Il délirait. Thract enleva donc sa veste extérieure et en ceignit Mobiy comme d’une écharpe. La créature représentait environ quatre-vingts livres de poids mort – et bien mort – mais ils descendaient, à présent, et Sherkaner Underhill suivait sans protester ; tout au plus avait-il de temps à autre besoin qu’on le remette sur les marches. Qu’est-ce que vous pourriez faire de plus, hein, colonel ? L’Ennemi embusqué était finalement passé à l’action. Thract contempla les ruines fumantes de l’autre côté de la caldeira. La destruction avait dû vraisemblablement se répéter sur l’altiplano, anéantissant les défenses stratégiques du Roi. Le Haut-Commandement avait été atomisé, sans aucun doute. Il était trop tard pour faire quoi que ce soit.

Cinquante-sept

La navette décolla de l’agglomérat L1. En dessous d’eux, l’embouchure de C745 était ouverte, exhalant de l’air et des particules de glace. Sans l’aide de Qiwi, ils seraient encore emmurés derrière le couvercle étanche de la conduite. L’atterrissage de Qiwi et l’arrimage précis du sas étaient un exploit que même des zombies bien dirigés n’auraient peut-être pas réussi.

Nau posa doucement Ali Lin sur le siège avant à côté de Qiwi. Abandonnant un instant les commandes, elle se retourna, les traits bouleversés par le chagrin.

— Papa ? Papa ?

Elle tendit la main pour lui prendre le pouls, et son expression s’adoucit très légèrement.

— Je crois qu’il s’en sortira, Qiwi.

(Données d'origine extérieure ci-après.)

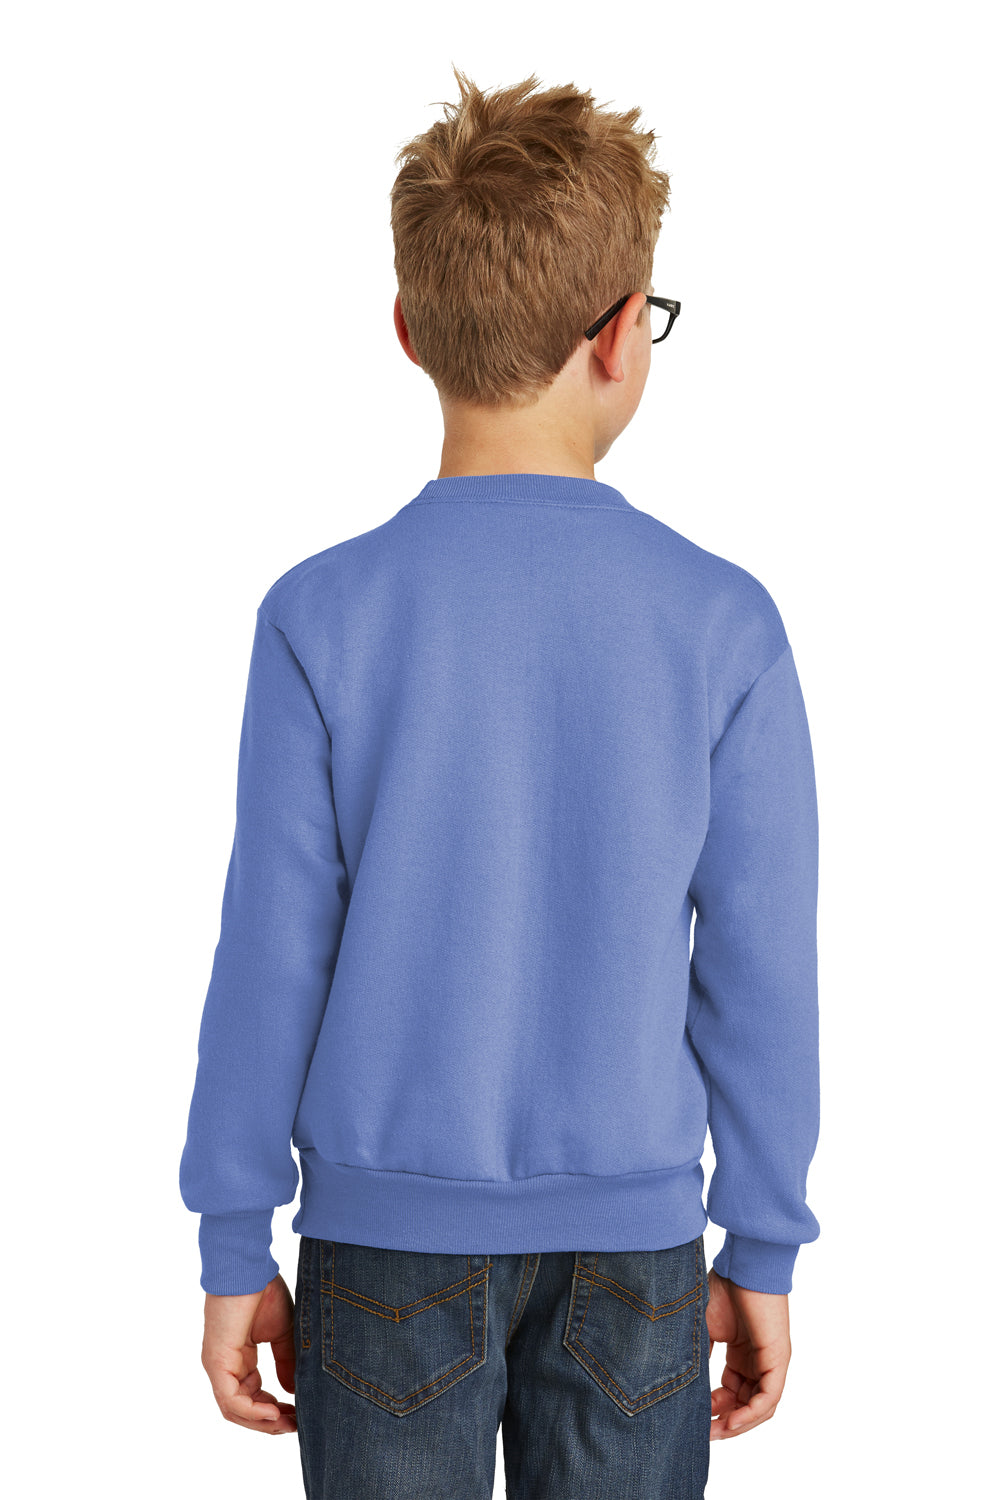 Port & Company PC90Y Youth Core Fleece Crewneck Sweatshirt Carolina Blue Back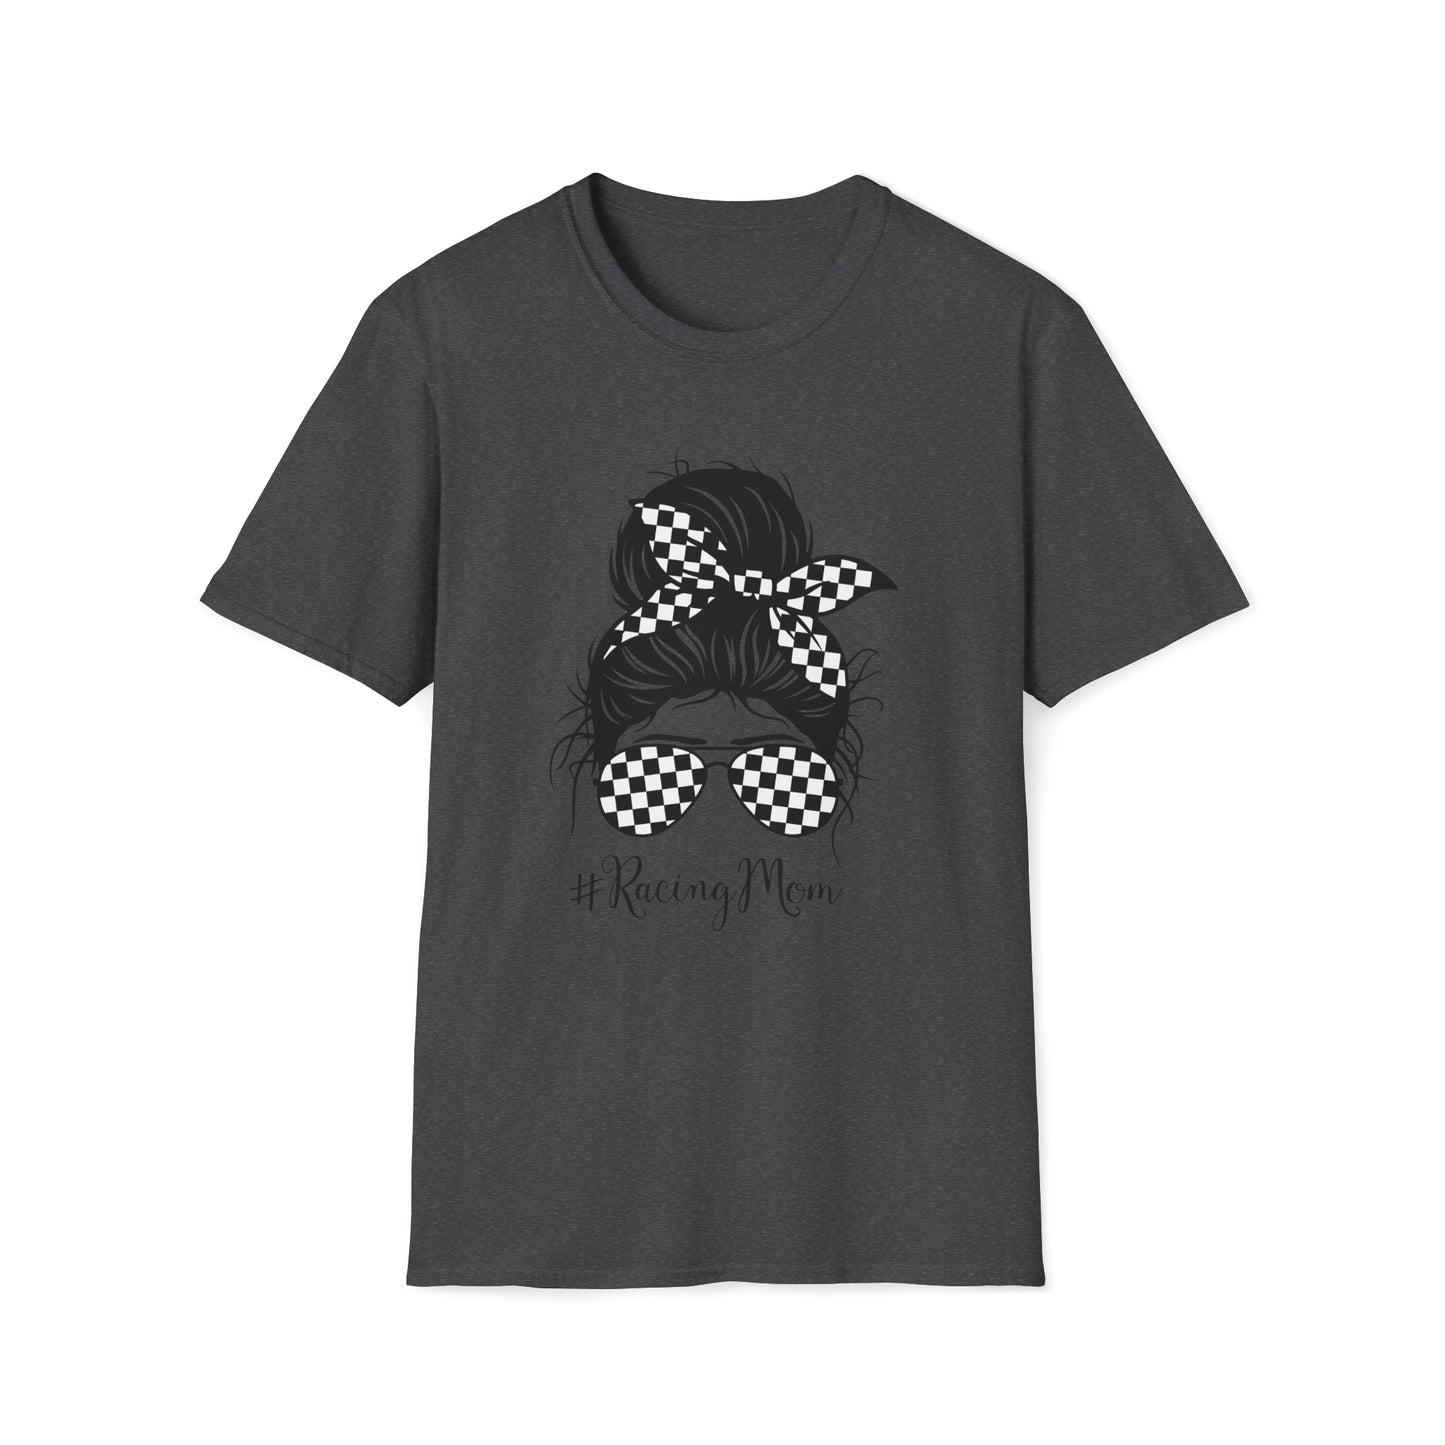 Racing Mom - Unisex Softstyle T-Shirt

Écoute, il y a de l’automatisation médicale en L1-A, et…

Qiwi se remit sur son siège.

— L’arsenal…

Mais son regard ne quittait pas son père. Après un moment d’horreur, elle basculait insensiblement dans la méditation. Brusquement, elle détourna les yeux et hocha la tête.

— Oui.

La navette accéléra sur ses modestes réacteurs auxiliaires, et Nau et ses nervis s’empressèrent de s’accrocher aux sangles de maintien. Qiwi passait en pilotage manuel, désactivant l’automatisation placide du véhicule.

— Qu’est-ce qui s’est passé, Tomas ? Nous avons encore une chance ?

— Je crois bien. Si nous pouvons entrer dans L1-A.

Il lui raconta l’histoire de la trahison – entièrement vraie, sauf en ce qui concernait Ali Lin.

Qiwi cabra la navette en douceur avant le freinage d’approche. Mais quand elle parla, elle sanglotait presque.